§ **Exercise description**
Only one stretch of the records below should be repeated. It starts with the line containing "2021 NAHRO Online" and goes on through the line containing "EXTOL - New Logo Trucker Hat", exactly as written.

§ **Records to process**
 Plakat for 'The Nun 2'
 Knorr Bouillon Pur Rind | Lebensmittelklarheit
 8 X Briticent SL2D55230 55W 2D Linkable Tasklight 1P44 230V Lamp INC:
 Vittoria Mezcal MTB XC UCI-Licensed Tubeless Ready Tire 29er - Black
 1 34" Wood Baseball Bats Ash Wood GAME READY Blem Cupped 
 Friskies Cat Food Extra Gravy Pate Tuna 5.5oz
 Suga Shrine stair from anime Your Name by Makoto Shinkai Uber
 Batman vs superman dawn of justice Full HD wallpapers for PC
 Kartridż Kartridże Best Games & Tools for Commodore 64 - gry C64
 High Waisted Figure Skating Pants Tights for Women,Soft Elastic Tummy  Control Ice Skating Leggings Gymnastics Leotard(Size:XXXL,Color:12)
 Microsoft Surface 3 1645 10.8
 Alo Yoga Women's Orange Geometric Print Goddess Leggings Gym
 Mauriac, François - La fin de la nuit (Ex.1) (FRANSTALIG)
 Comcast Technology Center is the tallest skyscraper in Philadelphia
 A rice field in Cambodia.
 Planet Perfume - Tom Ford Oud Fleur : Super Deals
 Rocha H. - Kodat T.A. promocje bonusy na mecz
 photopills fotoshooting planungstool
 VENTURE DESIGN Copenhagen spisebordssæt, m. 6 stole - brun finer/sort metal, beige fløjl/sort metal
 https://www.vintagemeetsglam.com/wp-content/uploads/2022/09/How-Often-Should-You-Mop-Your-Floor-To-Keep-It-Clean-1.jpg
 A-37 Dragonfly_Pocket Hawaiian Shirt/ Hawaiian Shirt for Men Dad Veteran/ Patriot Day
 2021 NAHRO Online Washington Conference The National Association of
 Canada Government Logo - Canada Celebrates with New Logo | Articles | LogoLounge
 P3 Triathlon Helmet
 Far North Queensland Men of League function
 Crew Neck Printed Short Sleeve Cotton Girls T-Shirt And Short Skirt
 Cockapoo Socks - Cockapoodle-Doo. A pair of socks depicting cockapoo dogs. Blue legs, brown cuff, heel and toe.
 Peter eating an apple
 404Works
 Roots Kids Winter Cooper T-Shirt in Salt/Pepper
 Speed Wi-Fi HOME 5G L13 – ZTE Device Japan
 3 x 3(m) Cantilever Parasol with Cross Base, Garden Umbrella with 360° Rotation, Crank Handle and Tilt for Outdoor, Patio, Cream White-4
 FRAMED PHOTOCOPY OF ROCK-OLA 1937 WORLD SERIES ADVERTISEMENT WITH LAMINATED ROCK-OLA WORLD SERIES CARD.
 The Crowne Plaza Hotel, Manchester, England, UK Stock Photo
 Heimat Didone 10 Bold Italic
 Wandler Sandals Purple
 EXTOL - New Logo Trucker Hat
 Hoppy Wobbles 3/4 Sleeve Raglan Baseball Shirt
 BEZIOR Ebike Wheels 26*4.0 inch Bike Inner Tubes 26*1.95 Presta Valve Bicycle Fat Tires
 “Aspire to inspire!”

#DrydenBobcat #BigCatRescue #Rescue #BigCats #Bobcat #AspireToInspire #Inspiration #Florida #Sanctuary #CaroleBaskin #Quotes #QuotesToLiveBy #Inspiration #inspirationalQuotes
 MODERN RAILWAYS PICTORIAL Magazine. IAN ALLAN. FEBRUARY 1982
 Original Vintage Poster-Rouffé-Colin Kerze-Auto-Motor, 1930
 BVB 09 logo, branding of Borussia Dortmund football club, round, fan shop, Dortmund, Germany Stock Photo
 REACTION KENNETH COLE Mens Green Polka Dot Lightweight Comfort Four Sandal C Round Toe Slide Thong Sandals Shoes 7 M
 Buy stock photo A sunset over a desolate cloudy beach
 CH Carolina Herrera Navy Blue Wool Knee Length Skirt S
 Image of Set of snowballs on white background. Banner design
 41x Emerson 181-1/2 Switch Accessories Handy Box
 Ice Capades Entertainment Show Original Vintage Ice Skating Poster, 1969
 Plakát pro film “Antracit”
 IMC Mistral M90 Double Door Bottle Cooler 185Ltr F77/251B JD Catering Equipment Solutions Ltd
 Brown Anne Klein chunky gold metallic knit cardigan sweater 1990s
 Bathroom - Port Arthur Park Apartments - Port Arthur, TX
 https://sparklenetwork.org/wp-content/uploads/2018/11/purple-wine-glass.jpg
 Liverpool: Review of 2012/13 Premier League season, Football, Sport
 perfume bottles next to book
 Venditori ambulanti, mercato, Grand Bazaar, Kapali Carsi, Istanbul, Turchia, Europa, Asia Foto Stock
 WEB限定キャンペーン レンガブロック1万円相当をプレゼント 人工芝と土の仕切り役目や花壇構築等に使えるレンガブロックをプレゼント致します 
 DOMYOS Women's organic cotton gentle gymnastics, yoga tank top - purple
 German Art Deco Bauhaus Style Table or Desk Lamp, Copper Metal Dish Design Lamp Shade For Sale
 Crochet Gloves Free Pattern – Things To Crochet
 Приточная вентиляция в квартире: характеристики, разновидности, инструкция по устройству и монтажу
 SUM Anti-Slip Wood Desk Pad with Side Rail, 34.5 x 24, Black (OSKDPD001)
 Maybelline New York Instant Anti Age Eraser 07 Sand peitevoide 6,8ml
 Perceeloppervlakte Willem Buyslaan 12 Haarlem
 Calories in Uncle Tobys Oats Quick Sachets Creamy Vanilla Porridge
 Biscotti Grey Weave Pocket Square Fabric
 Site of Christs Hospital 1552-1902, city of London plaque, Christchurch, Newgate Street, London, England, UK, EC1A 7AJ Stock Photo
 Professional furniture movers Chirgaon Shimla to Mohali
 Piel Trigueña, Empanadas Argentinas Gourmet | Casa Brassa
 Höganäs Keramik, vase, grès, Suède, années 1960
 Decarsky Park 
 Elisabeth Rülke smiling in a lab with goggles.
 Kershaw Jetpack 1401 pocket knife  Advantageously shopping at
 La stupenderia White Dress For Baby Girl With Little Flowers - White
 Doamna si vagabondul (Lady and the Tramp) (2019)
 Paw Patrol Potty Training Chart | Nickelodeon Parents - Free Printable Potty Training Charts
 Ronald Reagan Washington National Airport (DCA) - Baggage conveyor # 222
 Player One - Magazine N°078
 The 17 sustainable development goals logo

§ **Solved exercise**
 2021 NAHRO Online Washington Conference The National Association of
 Canada Government Logo - Canada Celebrates with New Logo | Articles | LogoLounge
 P3 Triathlon Helmet
 Far North Queensland Men of League function
 Crew Neck Printed Short Sleeve Cotton Girls T-Shirt And Short Skirt
 Cockapoo Socks - Cockapoodle-Doo. A pair of socks depicting cockapoo dogs. Blue legs, brown cuff, heel and toe.
 Peter eating an apple
 404Works
 Roots Kids Winter Cooper T-Shirt in Salt/Pepper
 Speed Wi-Fi HOME 5G L13 – ZTE Device Japan
 3 x 3(m) Cantilever Parasol with Cross Base, Garden Umbrella with 360° Rotation, Crank Handle and Tilt for Outdoor, Patio, Cream White-4
 FRAMED PHOTOCOPY OF ROCK-OLA 1937 WORLD SERIES ADVERTISEMENT WITH LAMINATED ROCK-OLA WORLD SERIES CARD.
 The Crowne Plaza Hotel, Manchester, England, UK Stock Photo
 Heimat Didone 10 Bold Italic
 Wandler Sandals Purple
 EXTOL - New Logo Trucker Hat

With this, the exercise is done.